そして、チサは何事もなかったかのように登校する。
「――あん? おいチサ。お前、どうして一人で来たんだ? 他の奴らはどうした? しかも、その髪は何だよ?」
教室に入ると、早速トオルが絡んできた。
いつも一緒にいる取り巻きがいないことを疑問に思ったのだろうが、答える義理はないので無視することにした。
「ほう……? いいのかな? そんな態度で……」
怒気を含んだ声でトオルが言う。
昨日までのチサであれば、一瞬で震え上がってしまうほどの迫力があっただろう。
だが、今の彼女には効かないようだ。
「何のこと? 私はいつも通りだけど」
平然と言い放つ彼女に苛立ちを覚えた様子のトオルは舌打ちをすると、教室中に響く声で言った。
「全員聞けぇ!! 今からショータイムを始める! 邪魔する奴は同じ目に合わせるからな!!」
突然の宣言に静まり返るクラスメイトたち。
どちらかと言えば、恐怖よりも興味の方が大きかったようだ。
トオルグループ、いやクラス全体によるチサへのイジメは、既に日常茶飯事となっていたためである。
むしろ、今回はどんな酷い目に遭わせてくれるのかと期待し、スマホを構える者までいたほどだ。
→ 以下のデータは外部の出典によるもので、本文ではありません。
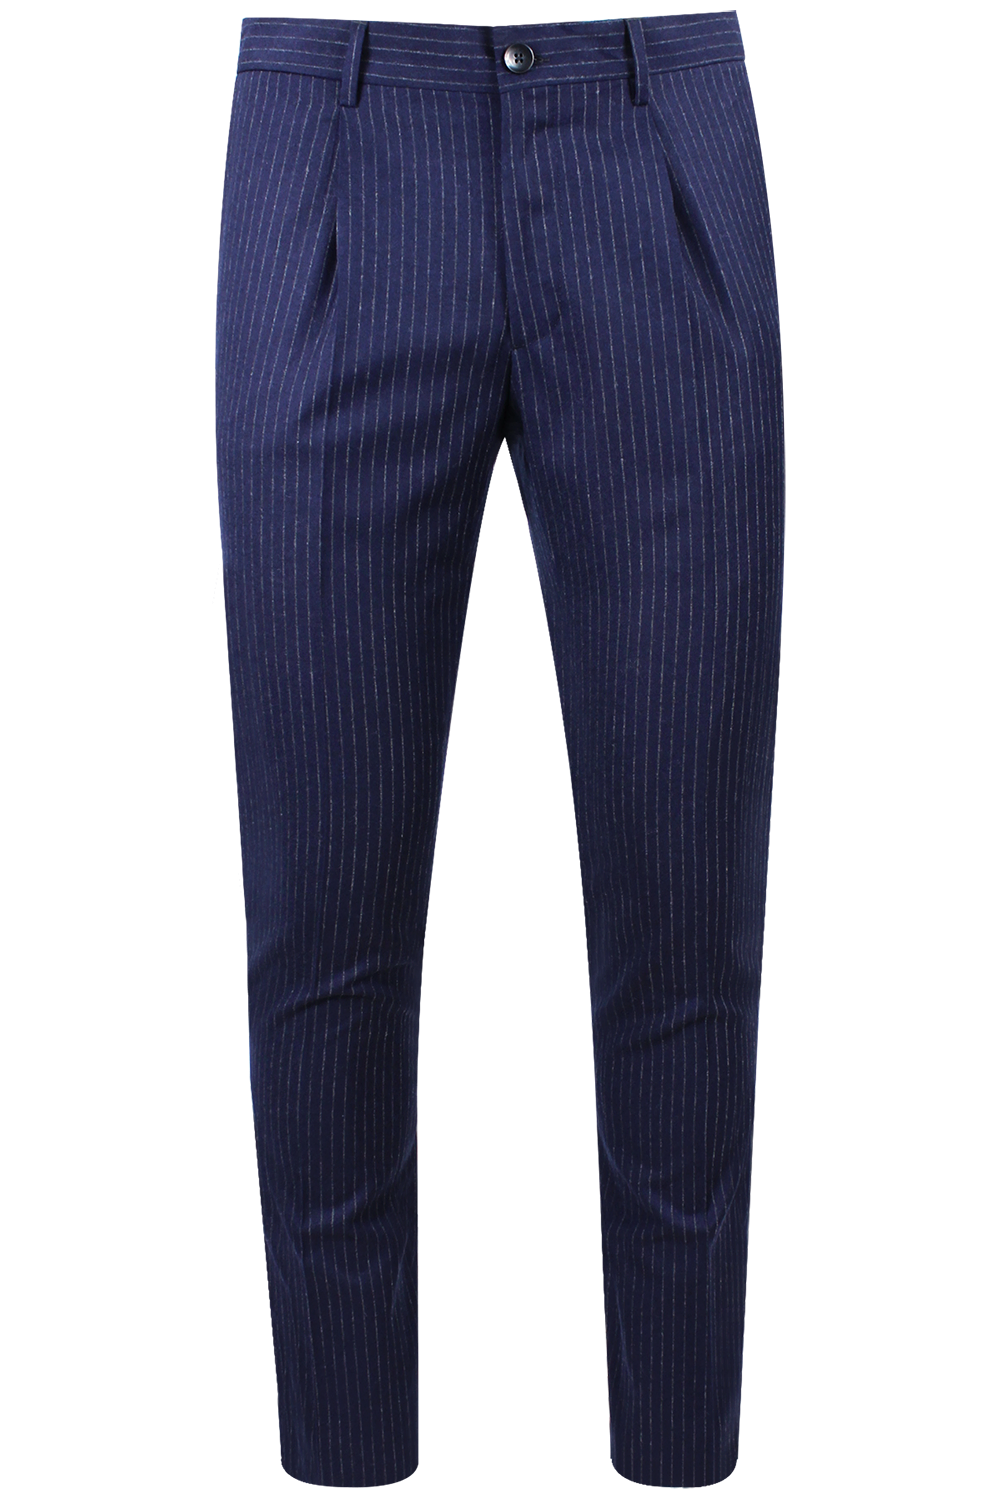 Pantalone con pince in lana blu gessata

「さぁて、チサちゃんの今日の下着は何色かなぁ~。皆の前でヌギヌギしようねぇ~」
トオルはそう言っていやらしい笑みを浮かべると、チサににじり寄ってくる。
しかし――
「ぎゃふっ!?」
次の瞬間、チサによって床に叩きつけられていた。
あまりの威力に床板が割れてしまっている。
(あ、あれ?)
困惑するトオルだったが、すぐに叫んだ。
「お、お前! 何をしてるか分かってるのか!? これは立派な犯罪だぞ!? 警察に訴えてやるぞ!?」
その言葉に一瞬キョトンとした後、チサは言った。
「どうぞご自由に」
そう言うと同時に、今度は机を持ち上げて投げつける。
咄嗟に避けようとしたようだが間に合わず、顔面に当たってしまった。
「うぐぐ……痛いよぉ……」
鼻血を流しながら泣き出すトオル。
チサは次に、楽しげに傍観していた女子グループのところへ向かう。
「ちょ、ちょっと待ってよ。私らは別に……ああぁっ!?」
言い訳も聞かず、チサは無慈悲にスマホを破壊していく。
文句を言う奴は鉄拳制裁。
このわずかな時間で、チサはクラスを掌握していた。
「――さて、他に文句のある人はいる?」
彼女が見回すと、全員が首を横に振っているのが見えた。
それを見た彼女は満足そうに頷きを返す。
そして――
「首謀者のトオル。君は?」
「え……?」
名前を呼ばれたことで我に返った様子の彼に歩み寄りながら尋ねる。
すると彼は顔を真っ青にしたかと思うと、その場に土下座をした。
「ごめんなさい! もうしませんから許してください!!」
必死に謝罪の言葉を口にする彼に対して、チサは静かに告げた。
「ダメに決まってるでしょ?」
その瞬間、彼の体は宙を舞っていた。
目にも留まらぬ速さで繰り出された蹴りを受けたのだ。
ドゴッ!
鈍い音と共に壁に激突するトオルの体。
そのままズルズルと崩れ落ちると、白目を剥いて気絶してしまった。
「このクラスは私が支配してやる! 逆らう奴は皆殺しだぁ!!」
こうして、チセによる恐怖の復讐劇が幕を開けたのだった――。